For many organizations, data connectivity -- at least initially -- has to do with engineering previously collected data from disparate on-premises sources and cataloging it.

But data connectivity also relates to connecting new data coming in from various sources as well as bringing in external data and using it to add broader context.

Meanwhile, the amount of data organizations are collecting is increasing exponentially. According to Statista, the volume of data created, captured, copied and consumed worldwide in 2010 was two zettabytes. By 2020, it was 64.2 zettabytes, and by 2025 it's expected to reach 181 zettabytes.

That means organizations need to find ways to harness the increasing amounts of data they're collecting to make it actionable.

And traditional software tools weren't built to handle the exponential increase in data.

In particular, traditional relational databases could become too cumbersome to meet the growing data needs of organizations while the graph database technology that TigerGraph specializes in has the potential to be an analytics enabler, according to the panelists.

Graph technology enables data connectivity between multiple data points simultaneously within databases, while data points stored in relational databases can only connect to one other data point at a time. And that ability to connect to multiple data points at once can lead to the discovery of relationships that users might not have otherwise discovered -- or would have taken them far longer to discover -- and results in faster, more in-depth data analysis.

In addition to TigerGraph, Neo4j is a prominent graph data and analytics vendor, while tech giants including AWS and Microsoft offer graph database options.

"Conventional analytics will fall short of doing everything we need to be able to do today," Christiaens said. "I'm a big fan of graph.
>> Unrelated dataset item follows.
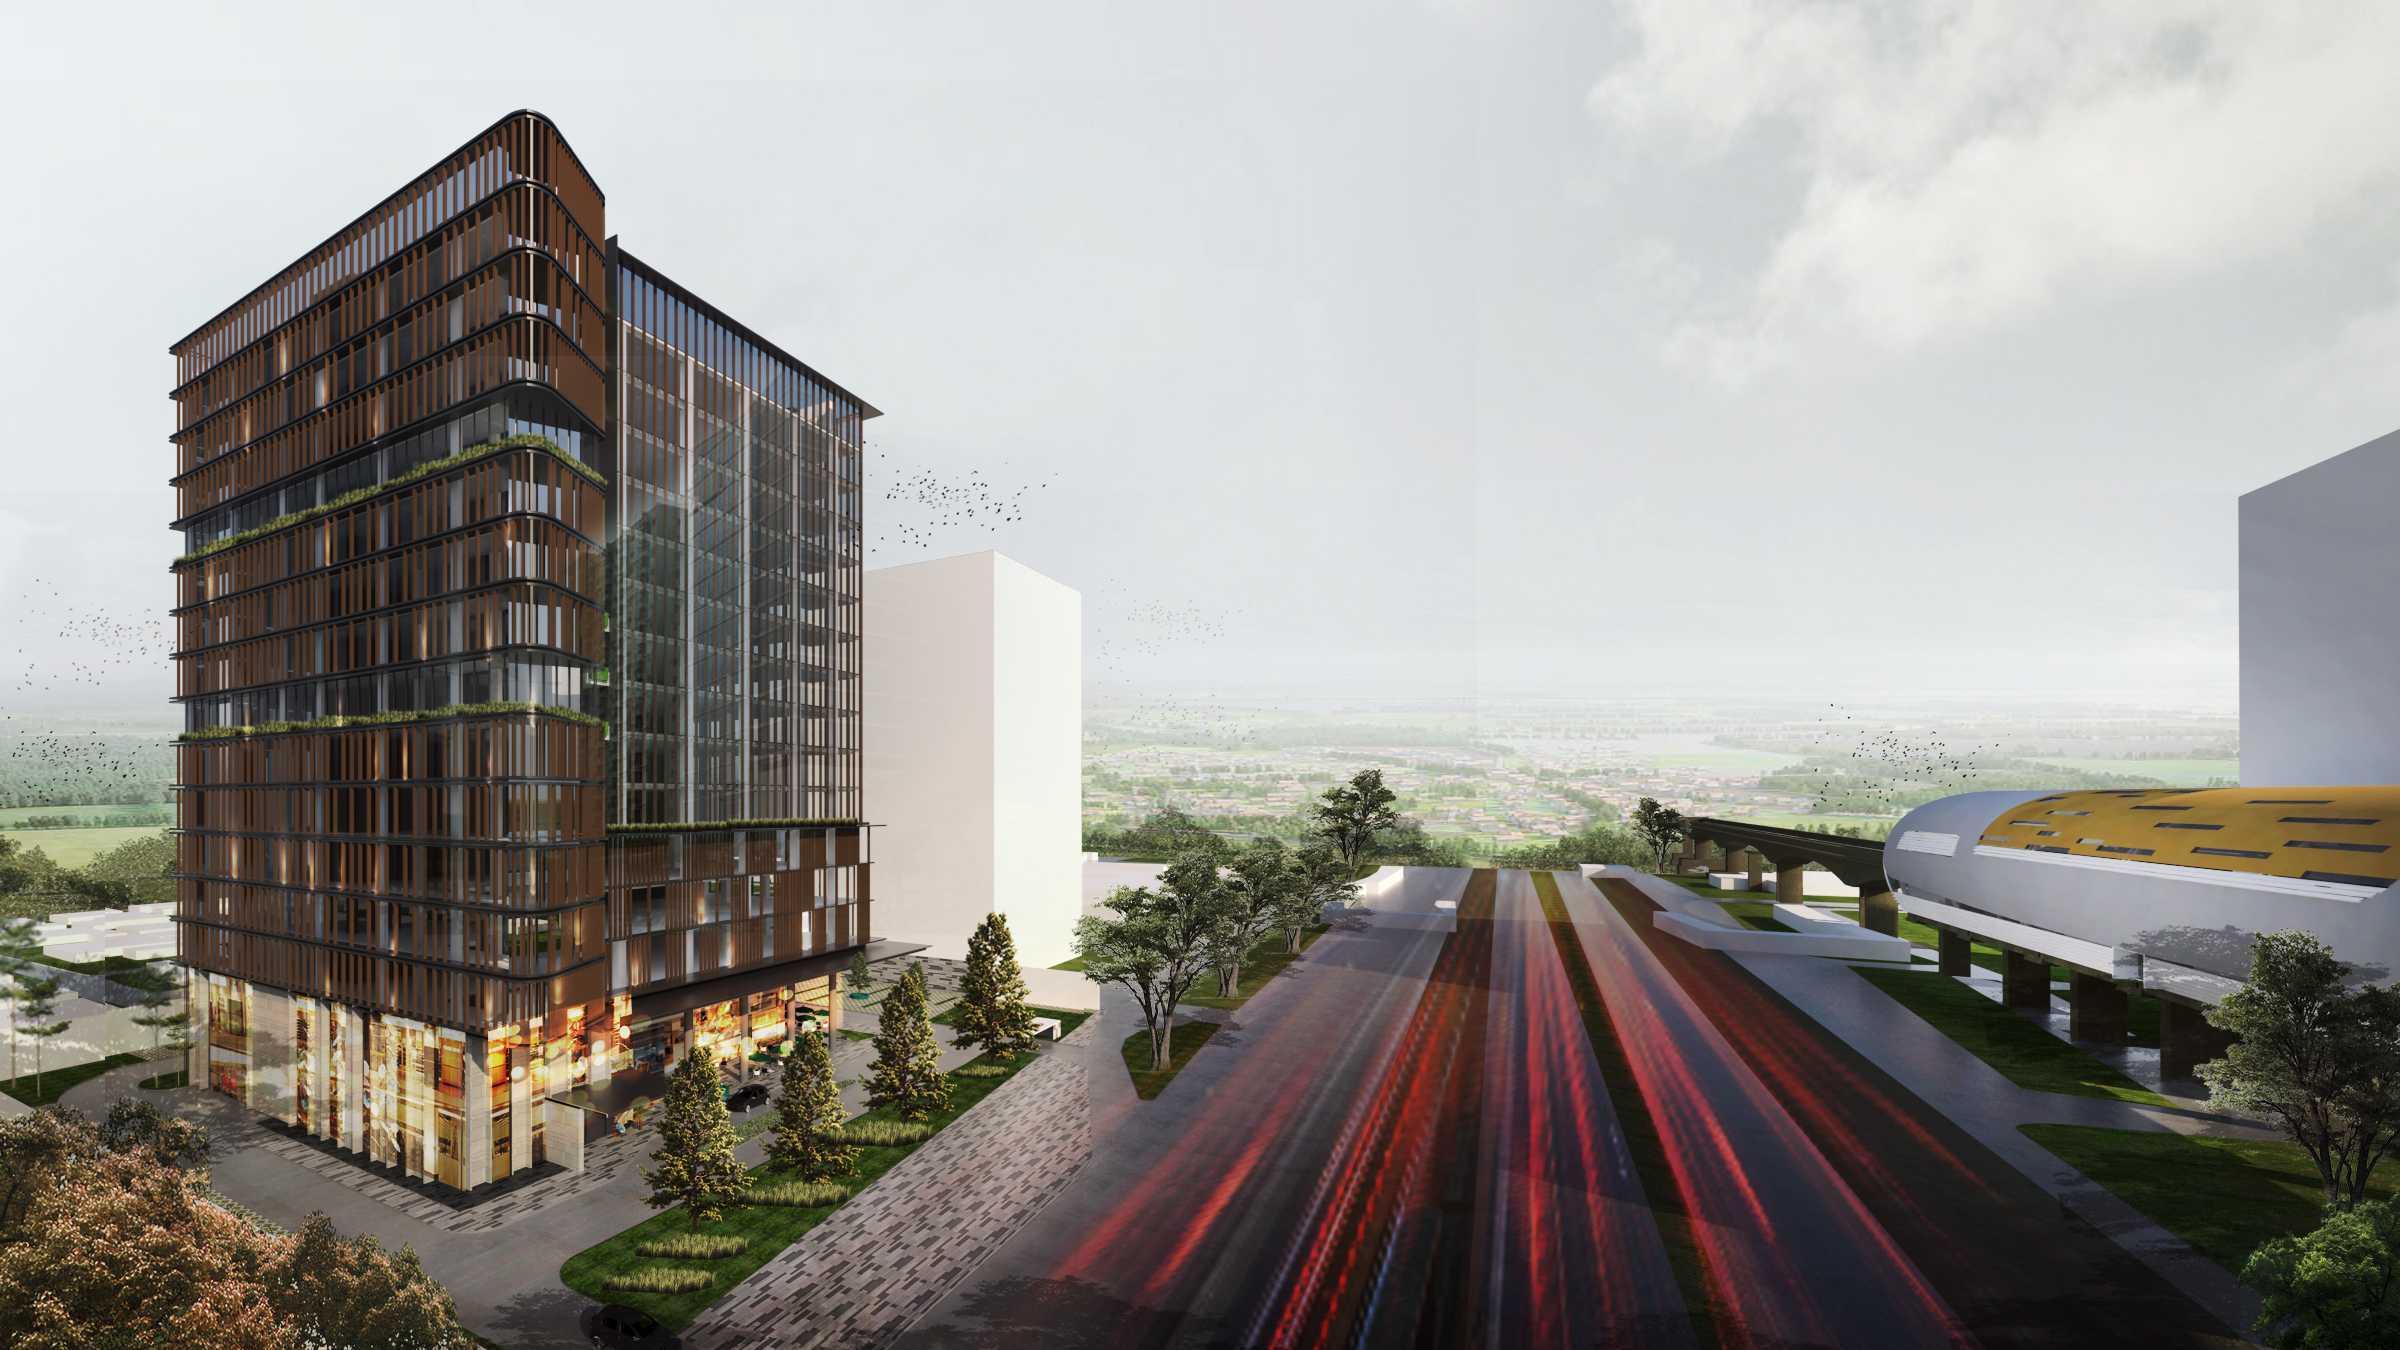 "Moi Architects Mt Office ""the Urban Canopy"" Jakarta, Daerah Khusus Ibukota Jakarta, Indonesia Jakarta, Daerah Khusus Ibukota Jakarta, Indonesia Moi-Architects-Mt-Office-The-Urban-Canopy   59031"

Graph offers a lot of interesting algorithms that, if you had to do conventionally, you would be spending a lot of time rewriting algorithms."

Because graph's ability to handle scale and discover relationships between data, in October 2021 Gartner predicted that 80% of data and analytics innovations will be made using graph technology by 2025, up from 10% in late 2021.

"With graph, you can ask different types of questions of data, like 'What if?'" Amend said. "It finds relationships that were hidden."

Those hidden relationships are essentially the product of sophisticated data connectivity, and better enable organizations to navigate constant change.

"Companies are looking to data to adapt, and they're looking to data increasingly to support their decision-making," said Harry Powell, head of industry solutions at TigerGraph. "And that requires them to connect data together more than they've ever needed to do before."